A metal lithium composite electrode, preparation method, application and battery

technical field

The invention belongs to the technical field of metal lithium electrodes, and more particularly, relates to a metal lithium composite electrode, a preparation method, an application and a battery.

Background technique

Lithium-ion batteries are the main source of power for electric vehicles, electronic equipment, and drones, and it is imperative to continuously improve their energy density. Compared with the traditional lithium-ion battery anode material (graphite anode), metal lithium has a lower reduction potential (-3.04V, vs H ⁺ /H ₂ ) and a higher theoretical specific capacity (3860mAh g ^-1 ), which can Greatly improve the energy density of the battery.
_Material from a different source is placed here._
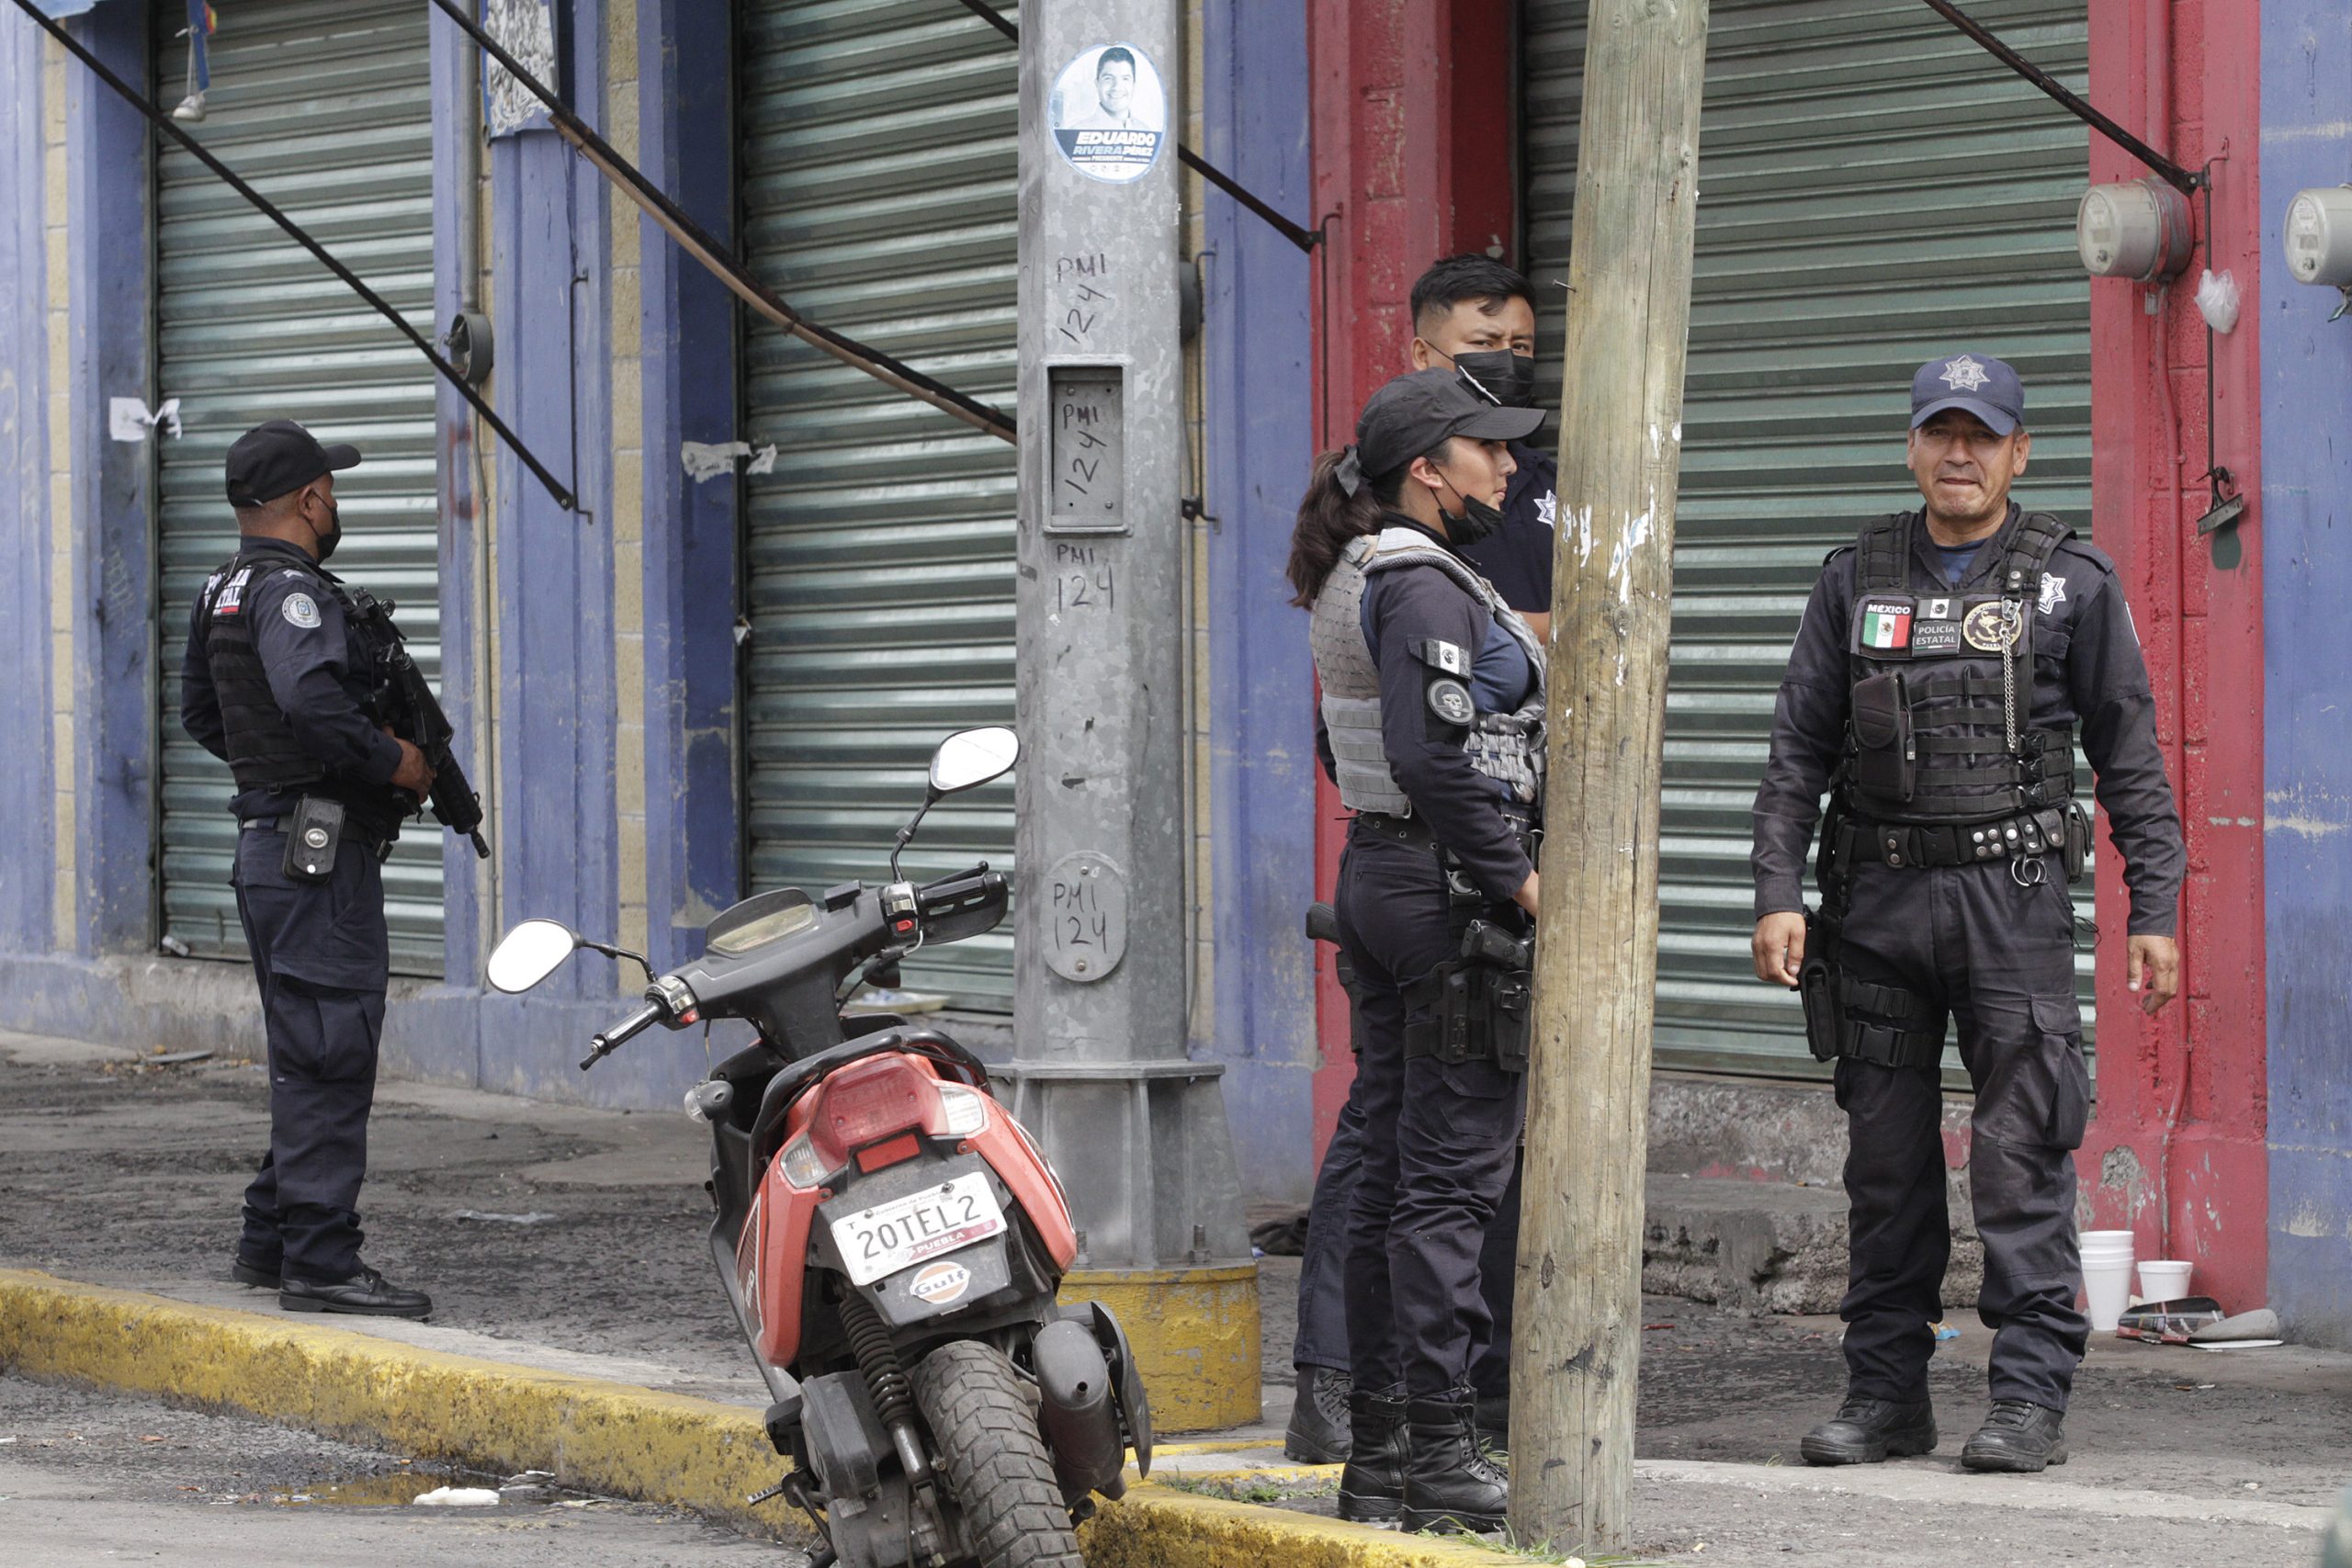 Policía de Tulcingo asesinado no contaba con exámenes de confianza, dice gobernador

However, during the charging and discharging process of lithium metal, "lithium dendrites" and "dead lithium" are easily formed on the surface of lithium metal, resulting in low Coulomb efficiency, short battery cycle life, and even thermal runaway and explosion due to battery short circuit. . The above problems greatly limit the application of lithium metal anodes in high specific energy batteries. The construction of high-performance Li-metal composite electrodes is one of the important approaches to achieve uniform Li deposition/stripping behavior and suppress Li dendrite growth.

The commonly used framework materials for the preparation of lithium-containing composite electrodes mainly include carbon materials such as copper foam, nickel foam and carbon fiber. , it is usually necessary to modify the surface with a layer of lithophilic substances, such as Au, Ag, ZnO ₂ , SnO ₂ , etc. This additional operation not only increases the cost, but also makes the process cumbersome. In addition, in the process of compounding with metal lithium, two methods are generally used: molten immersion lithium or electrochemical deposition of lithium. In addition, the process is complicated, the former needs to be carried out at a higher temperature, and the latter needs to go through additional complicated battery loading and battery removal processes. Based on the above two points, designing novel lithiophilic frameworks and developing simpler composite methods are the keys to the application of high-performance metal-lithium composite electrodes.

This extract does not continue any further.